## [TASK REQUIREMENTS]
Leave out every picture, then transcribe the rest of the listing exactly.

## [DATASET CONTENT]
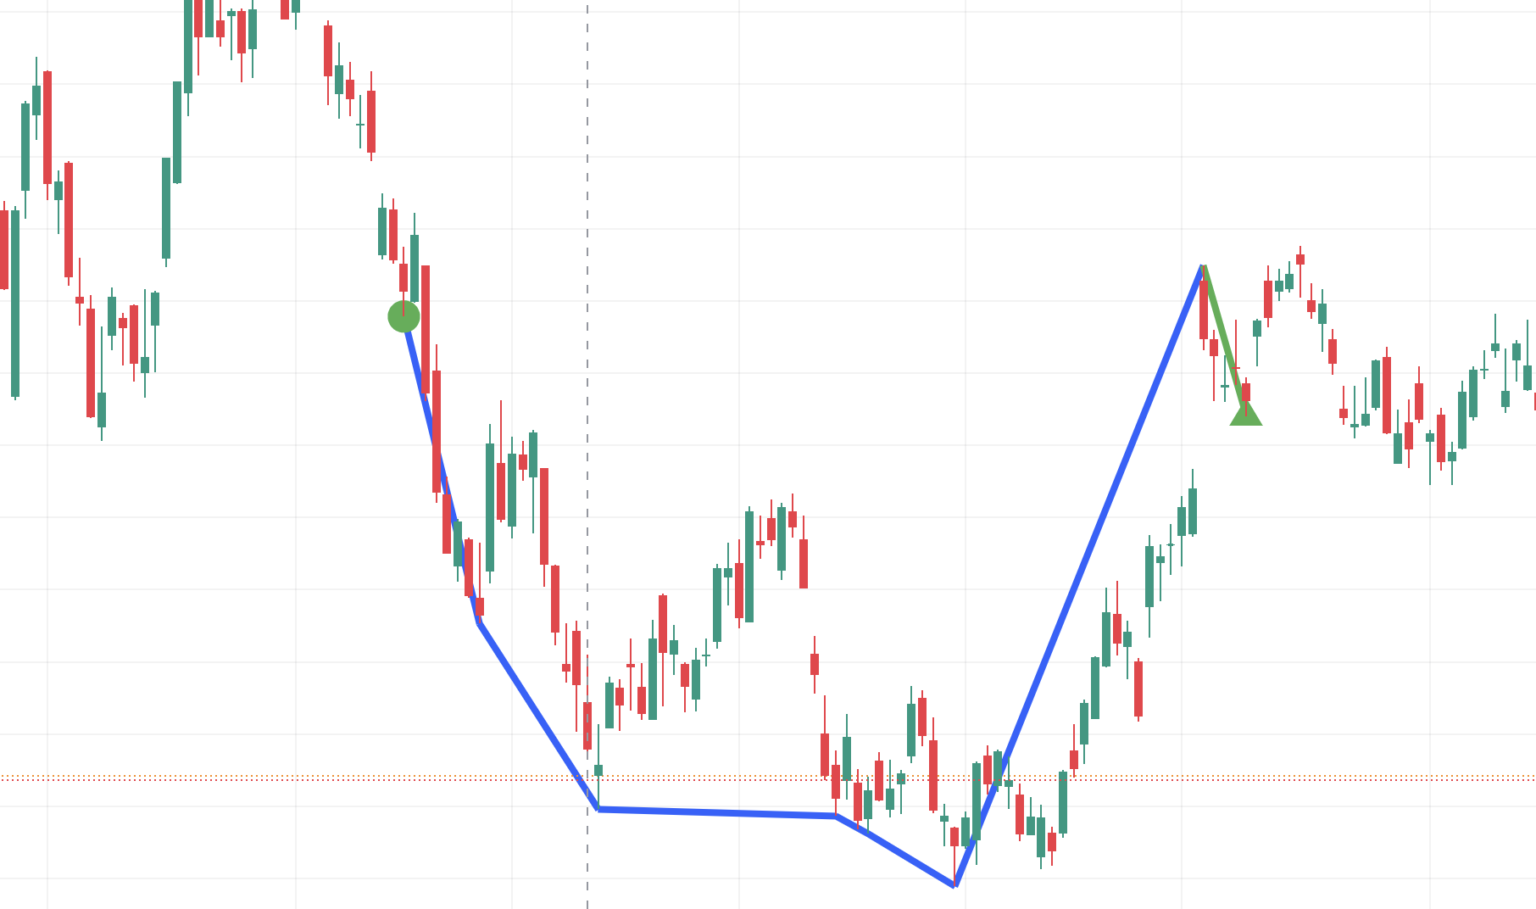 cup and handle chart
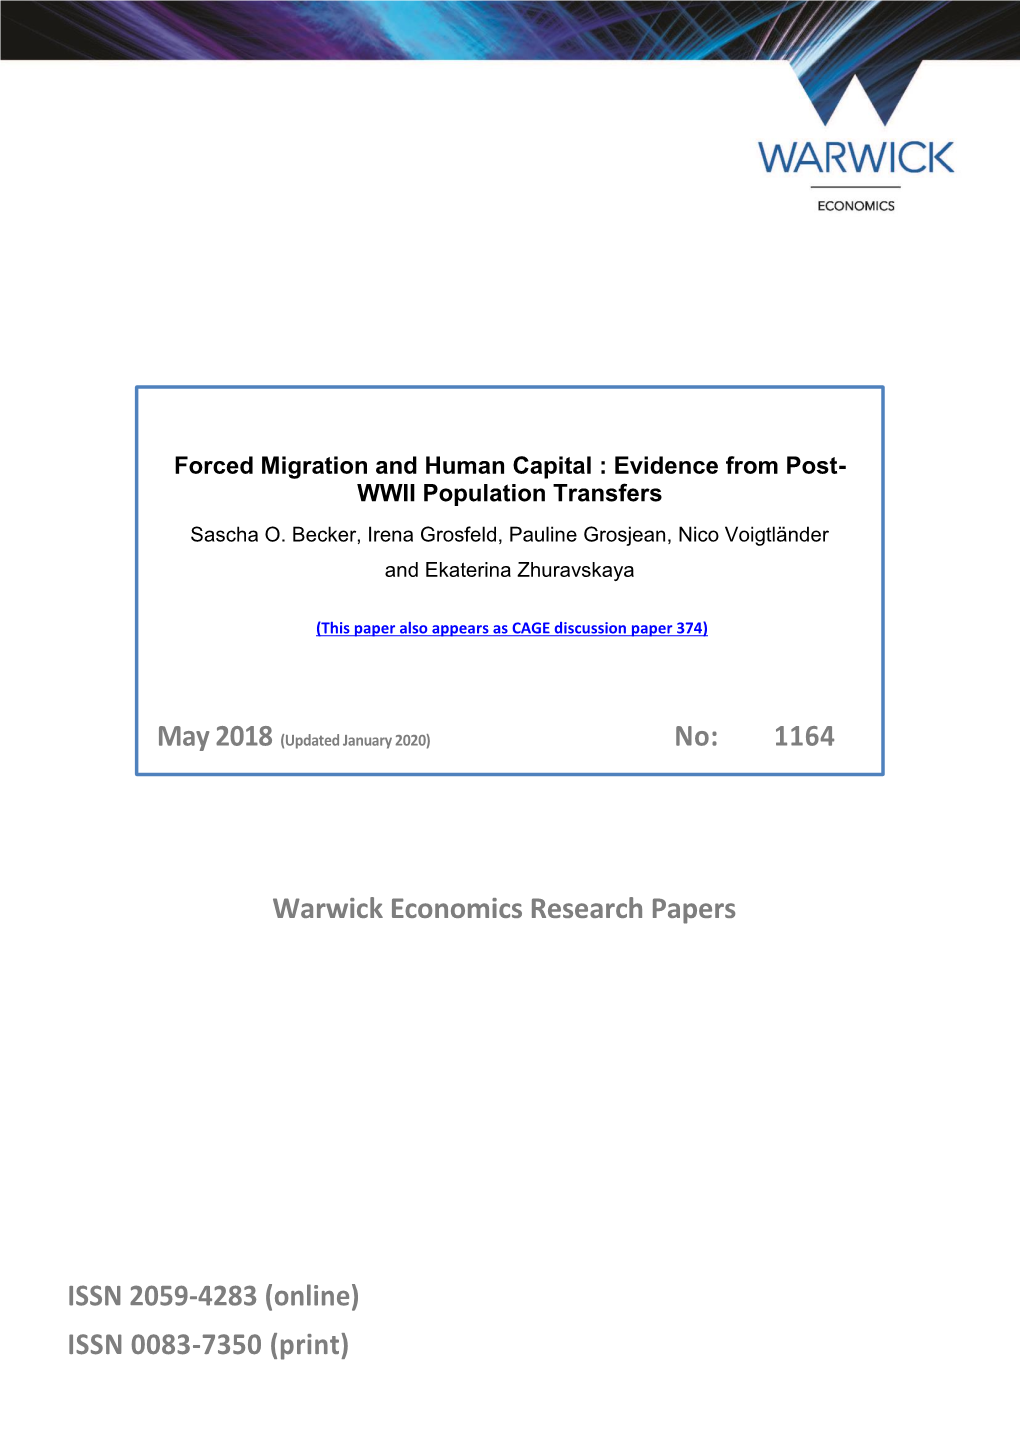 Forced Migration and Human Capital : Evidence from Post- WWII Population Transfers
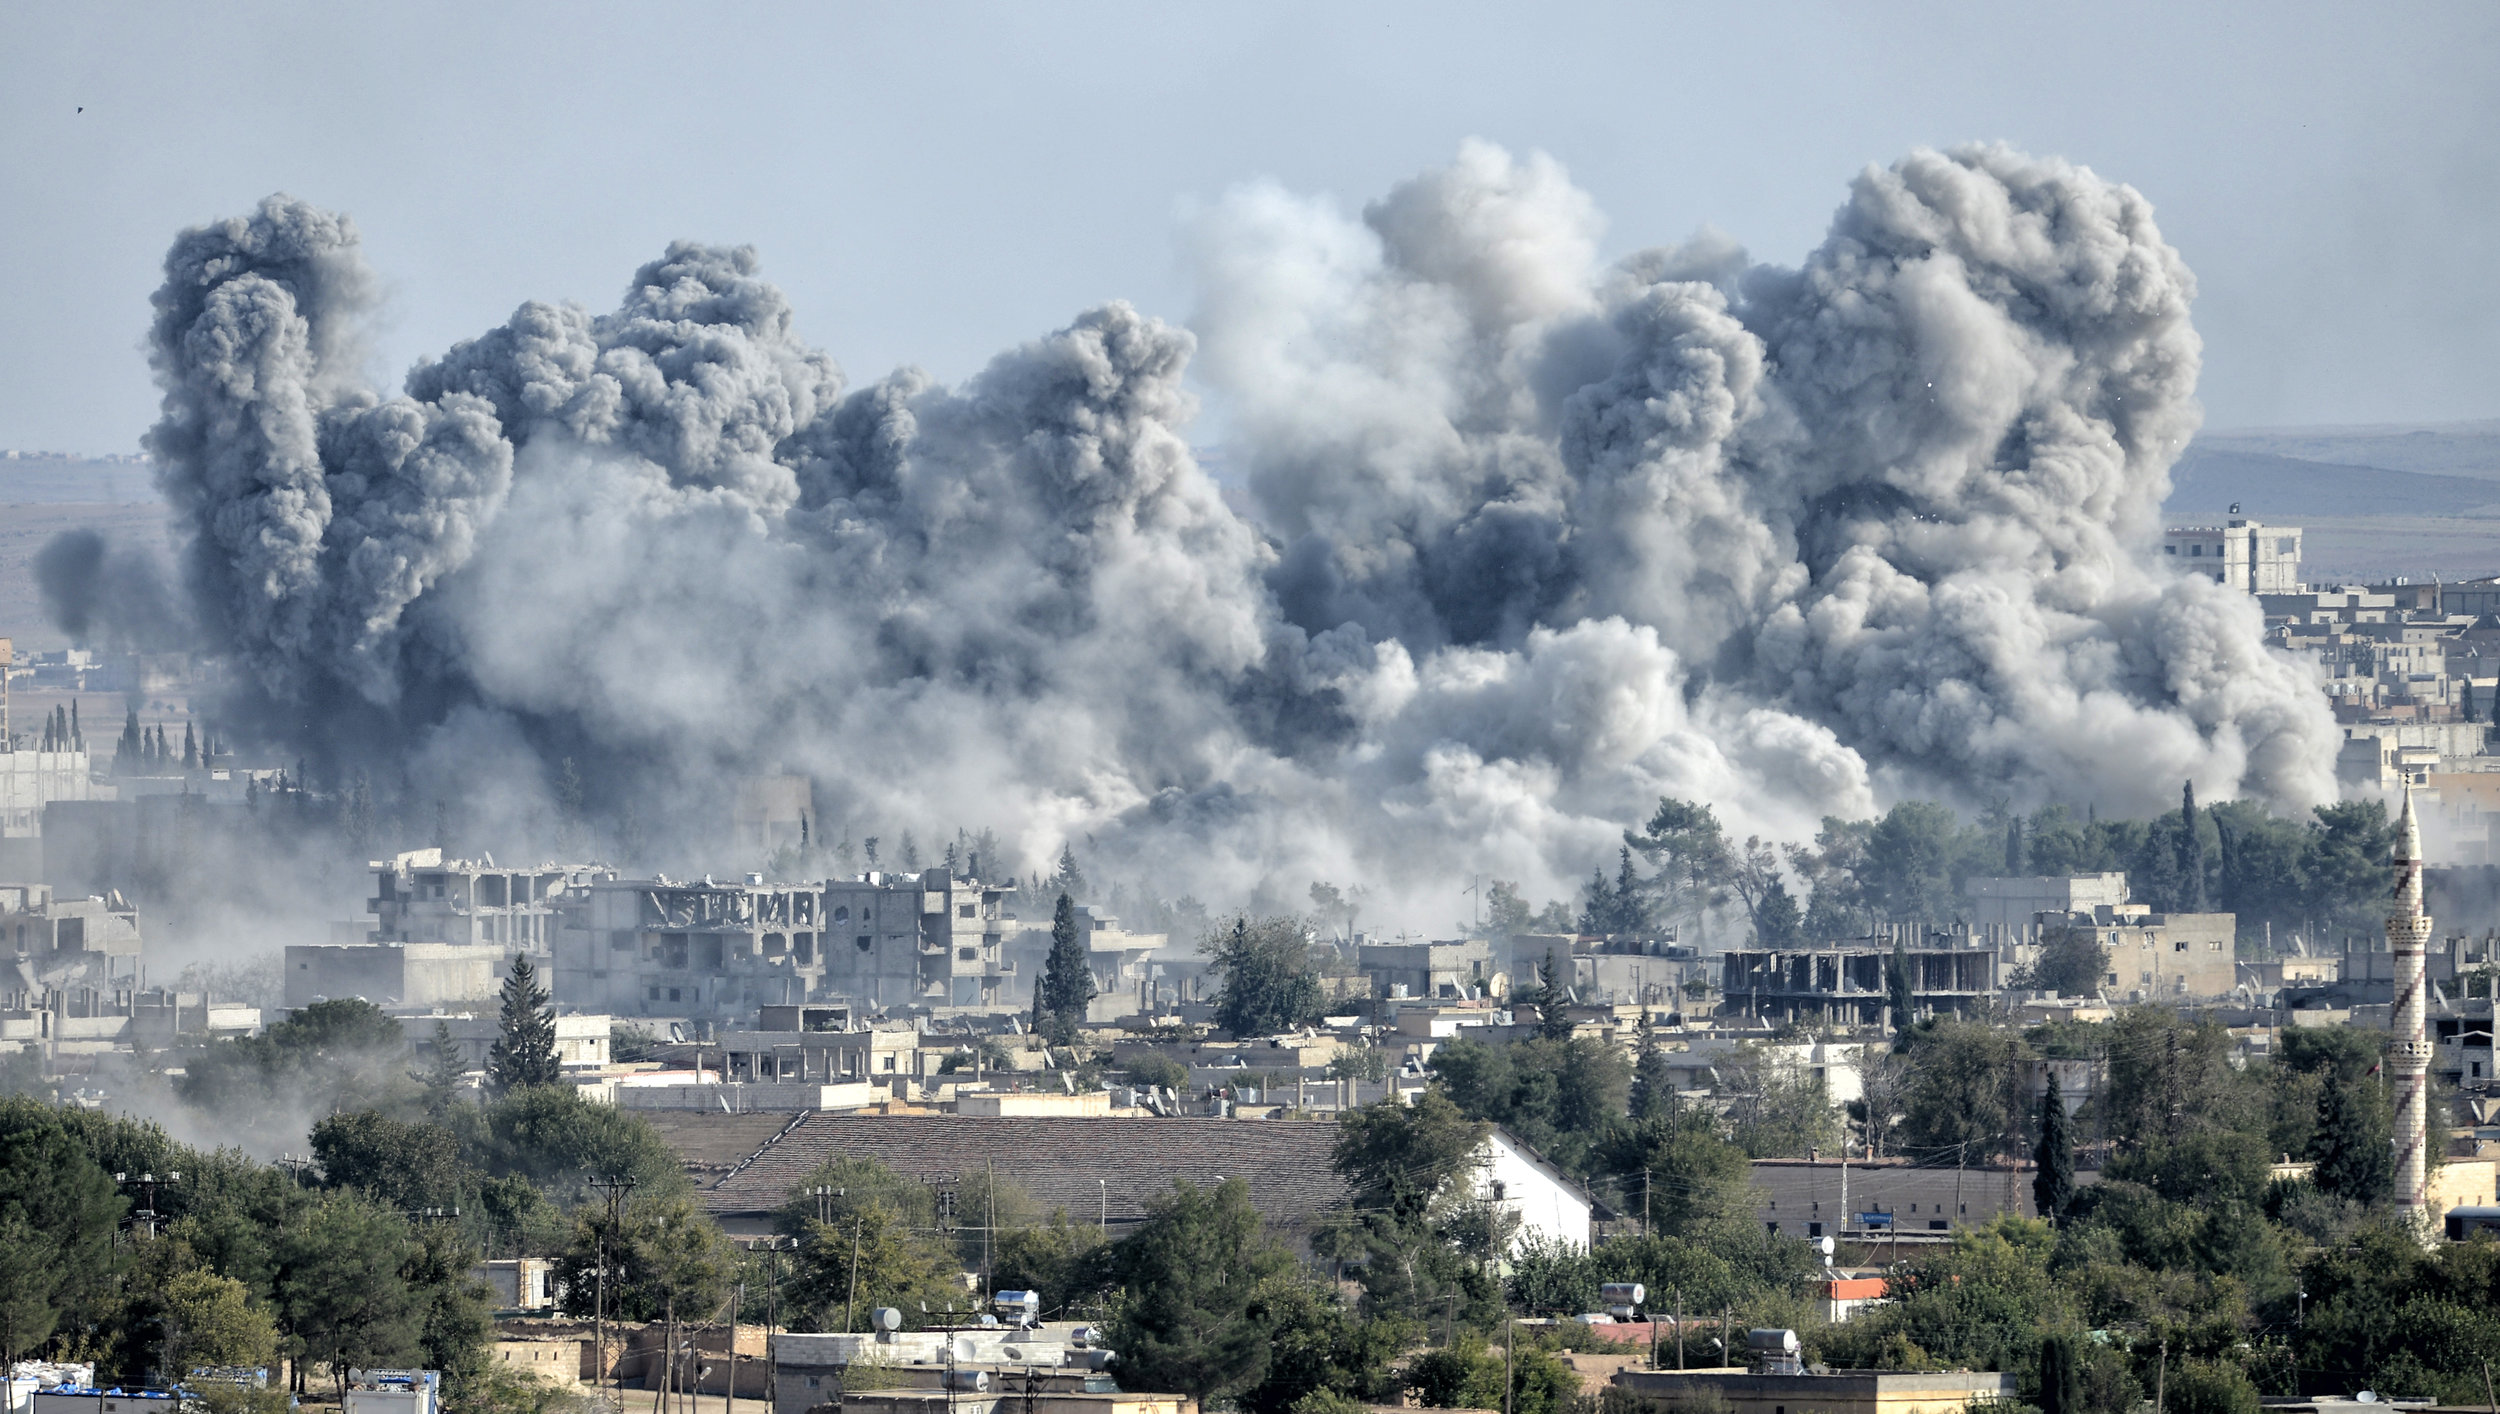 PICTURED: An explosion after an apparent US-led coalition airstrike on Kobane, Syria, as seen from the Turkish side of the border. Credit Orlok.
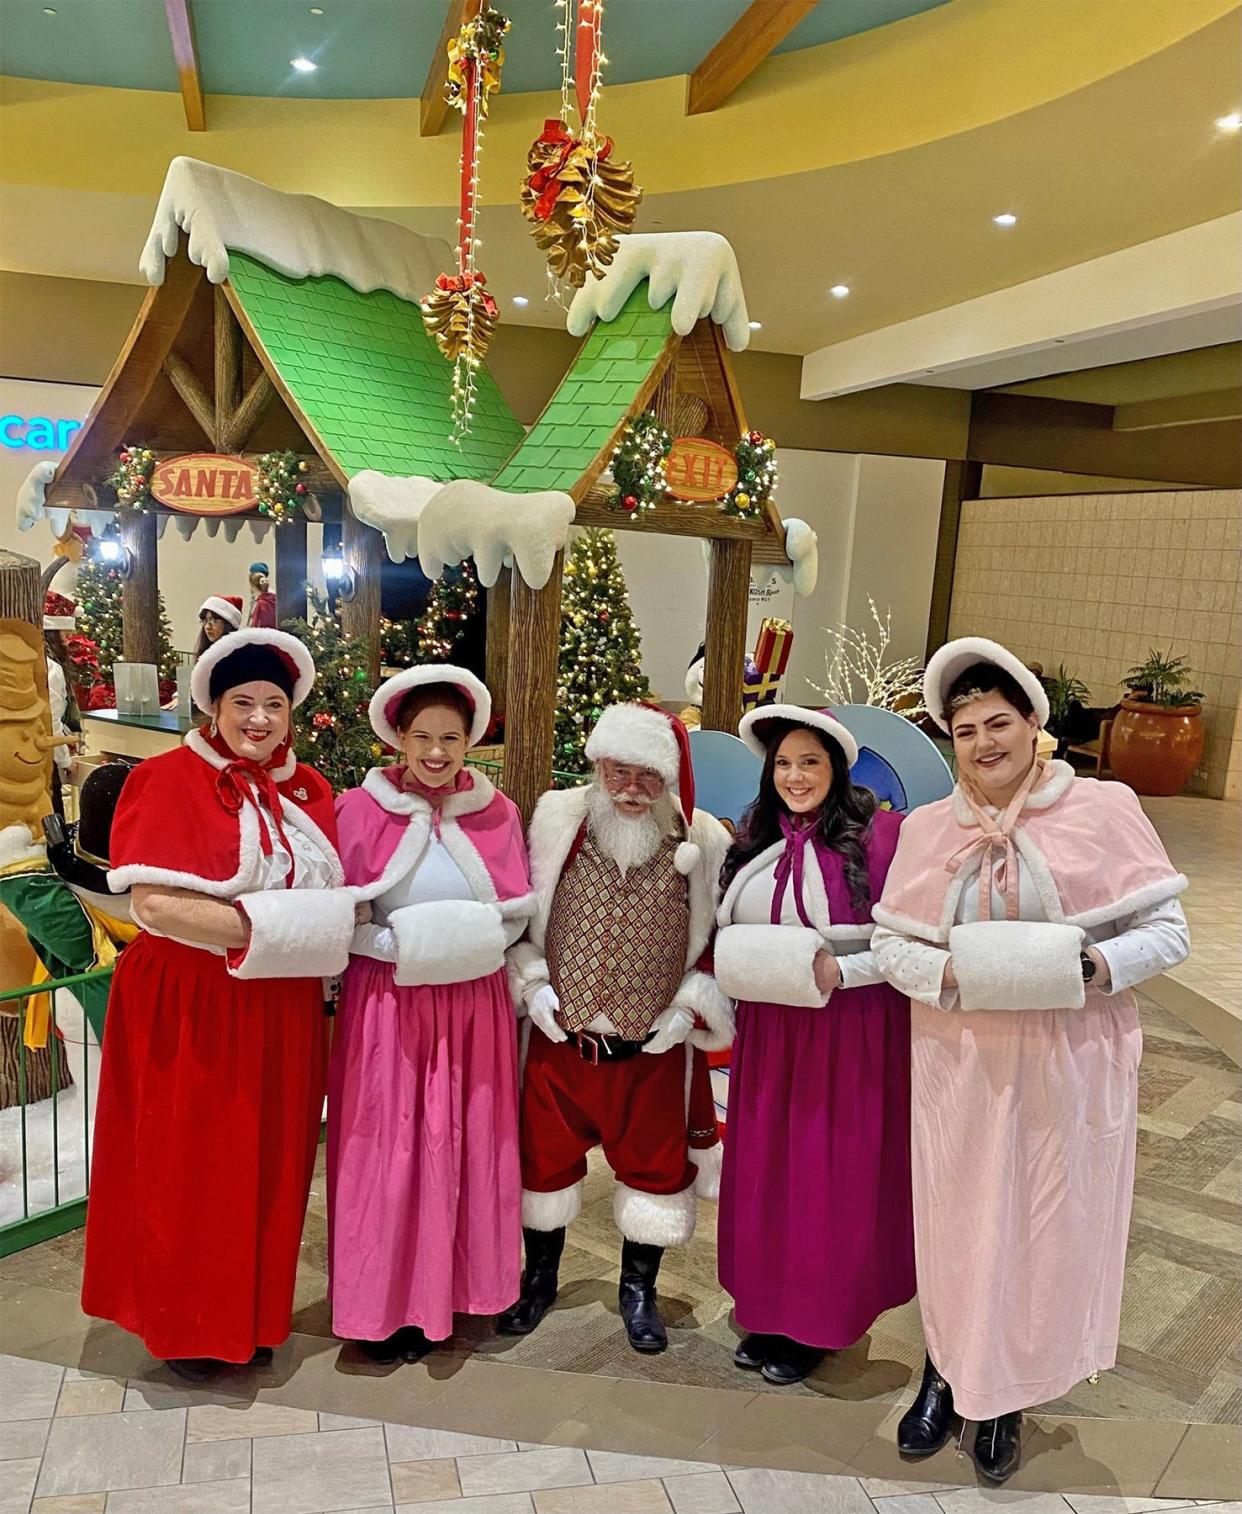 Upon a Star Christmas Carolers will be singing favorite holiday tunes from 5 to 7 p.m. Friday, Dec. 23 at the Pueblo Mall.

## [RESPONSE TO THIS EXERCISE]
 cup and handle chart
 Forced Migration and Human Capital : Evidence from Post- WWII Population Transfers
 PICTURED: An explosion after an apparent US-led coalition airstrike on Kobane, Syria, as seen from the Turkish side of the border. Credit Orlok.
 Upon a Star Christmas Carolers will be singing favorite holiday tunes from 5 to 7 p.m. Friday, Dec. 23 at the Pueblo Mall.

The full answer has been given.